Paul volvió a asentir. En ese momento llegó el robot de la cantina con el almuerzo. Probablemente la calidad de los platos no fuera muy buena, pero estaban calientes y resultaban lo suficientemente apetitosos. Pusieron las bandejas sobre la mesa y durante unos minutos se dedicaron a comer con silenciosa fruición, mientras las imágenes de los tres cadáveres seguían dando vueltas en el aire. Parecía muchísima comida, pero a los pocos minutos Bruna constató con cierto asombro que entre los dos habían conseguido acabar con todo. La rep se sirvió otro café y miró a Lizard con la benevolencia que produce el estómago lleno. Comer junto a alguien cuando se tiene hambre predispone a la complicidad y la convivencia.
– Bueno. Creo que me ibas a hablar del contenido de la bola holográfica que recibió Chi… -dijo el hombre apartando los platos.
Bruna suspiró. Se encontraba mucho mejor de la resaca.
– No, no. Te toca a ti. Yo te he contado lo de la mema ilegal.
Lizard sonrió y volvió a manipular la mesa. Aparecieron dos nuevos muertos flotando espectralmente delante de ellos. Dos reps. Desconocidos.
– No sé quiénes son -dijo Bruna.
– Pues verás, son dos cadáveres curiosos. Trabajaban para el MRR. Bueno, trabajaban para una empresa externa de mantenimiento cuyo único cliente era el MRR. ¿Te suena esto de algo?
La detective mantuvo una expresión impasible.

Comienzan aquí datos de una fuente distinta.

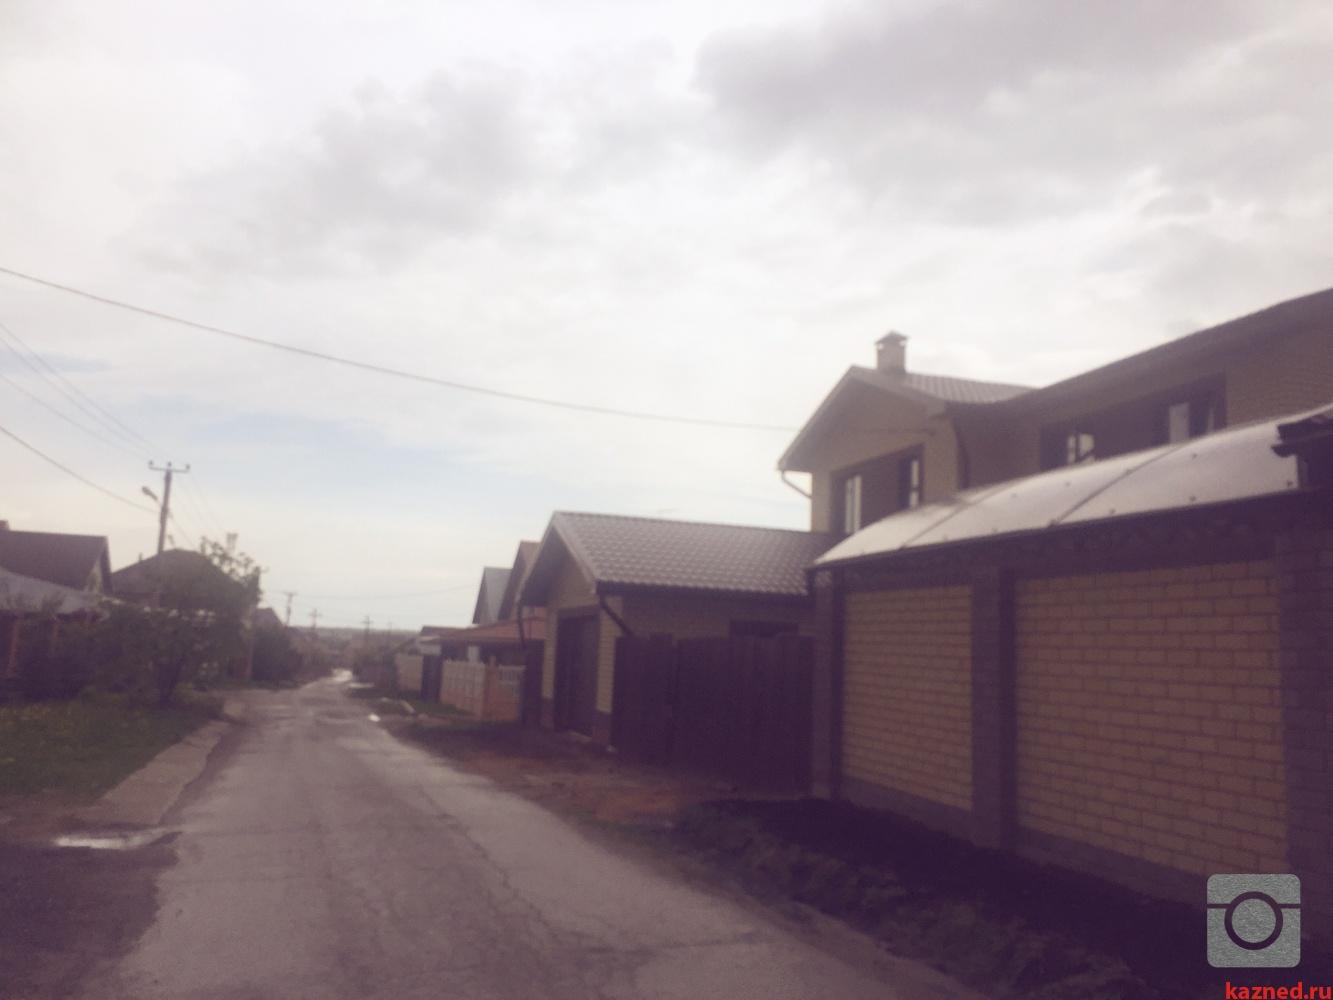 Продажа  дома вознесение, ул Грачиная, 200 м²  (миниатюра №2)

– ¿Cómo han muerto? -preguntó para ganar tiempo.
– Dos tiros en la nuca. Ejecutados.
¿Debía contarle o no? Pero no quería revelar detalles que Habib le había dado sin contar con el permiso del androide. Al fin y al cabo él era su cliente. Decidió darle a Lizard otra pieza de información en lugar de eso.
– Pues ni idea, de esto no sé nada. En cuanto a la bola holográfica, se veía a Chi en un discurso de…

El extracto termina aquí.